Policyjny pościg za kierowcą opla

​Policjanci z Sulejowa zatrzymali 18-latka, który kierując oplem nie zatrzymał się do kontroli drogowej. Pościg zakończył się kolizją z radiowozem. Po zatrzymaniu okazało się, że 18-latek kierował autem mimo zakazu sądowego. Grozi mu kara do pięciu lat więzienia.

Po pościgu, policjanci z Sulejowa zatrzymali 18-latka, który kierując oplem nie zatrzymał się do kontroli drogowej. Mężczyzna uciekał przez kilka miejscowości i doprowadził do kolizji z radiowozem. Po zatrzymaniu okazało się, że 18-latek kierował autem mimo zakazu sądowego. Grozi mu kara do pięciu lat więzienia.

Jak poinformowała w czwartek PAP rzeczniczka piotrkowskiej policji Dagmara Mościńska, w środę, kilka minut po godzinie 23 uwagę sulejowskich policjantów zwrócił kierowca opla, który na widok radiowozu gwałtownie wyjechał z parkingu przy drodze krajowej 12.

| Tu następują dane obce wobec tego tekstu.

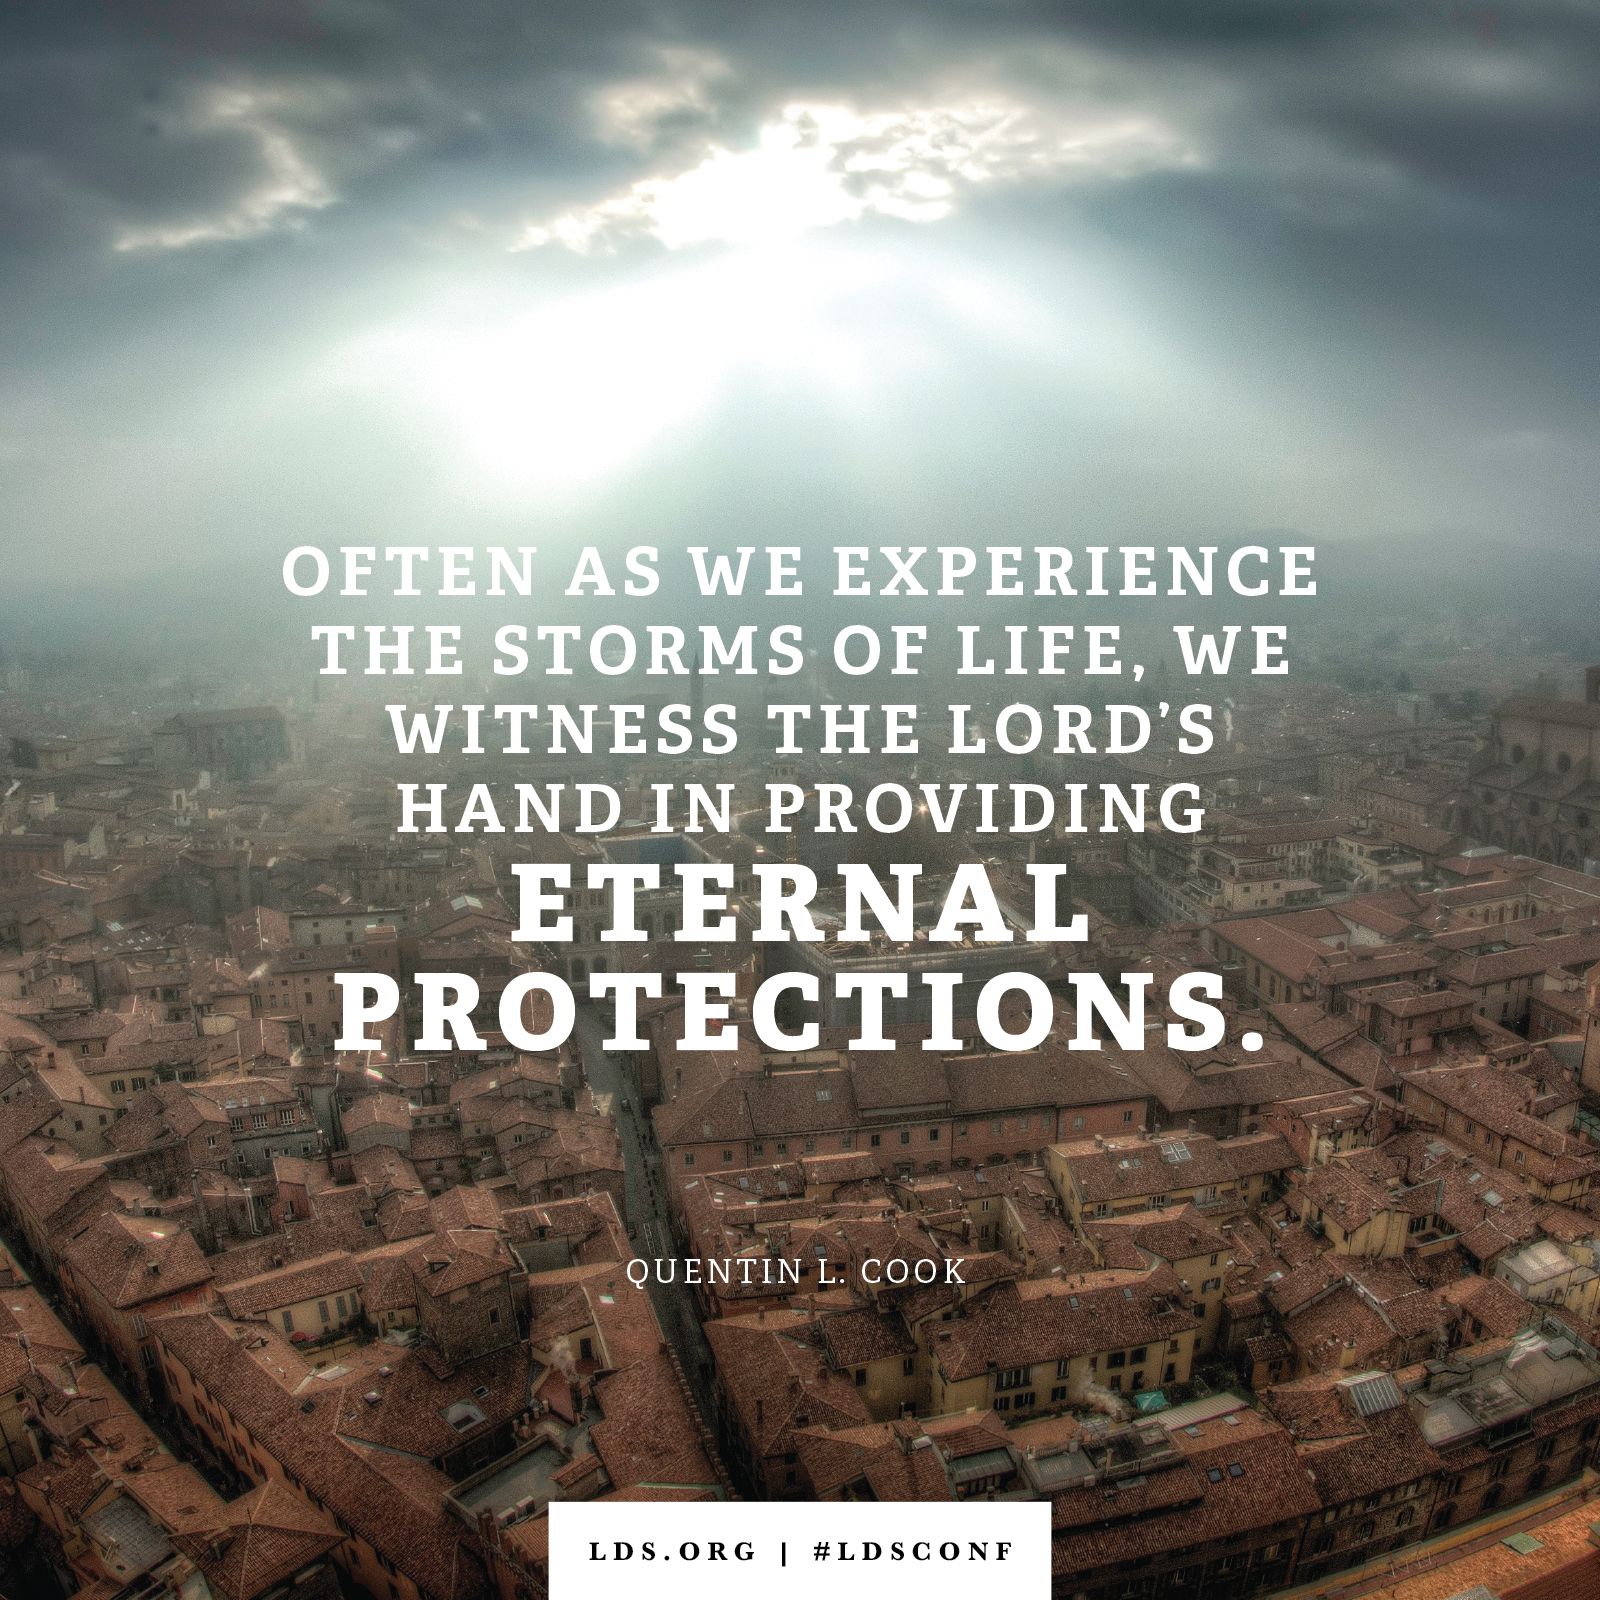 “Often as we experience the storms of life, we witness the Lord’s hand in providing eternal protections.” —Elder Quentin L. Cook, “See Yourself in the Temple”

Funkcjonariusze dali kierowcy sygnał, aby zatrzymał pojazd. Mężczyzna zignorował polecenie, przyspieszył, znacznie przekraczając dozwoloną prędkość. Policjanci ruszyli za nim w pościg.

"Uciekający oplem łamał przepisy ruchu drogowego stwarzając zagrożenie dla innych użytkowników drogi. Nie sygnalizował manewrów zmiany pasa ruchu ani skrętu" - wyjaśniła Mościńska.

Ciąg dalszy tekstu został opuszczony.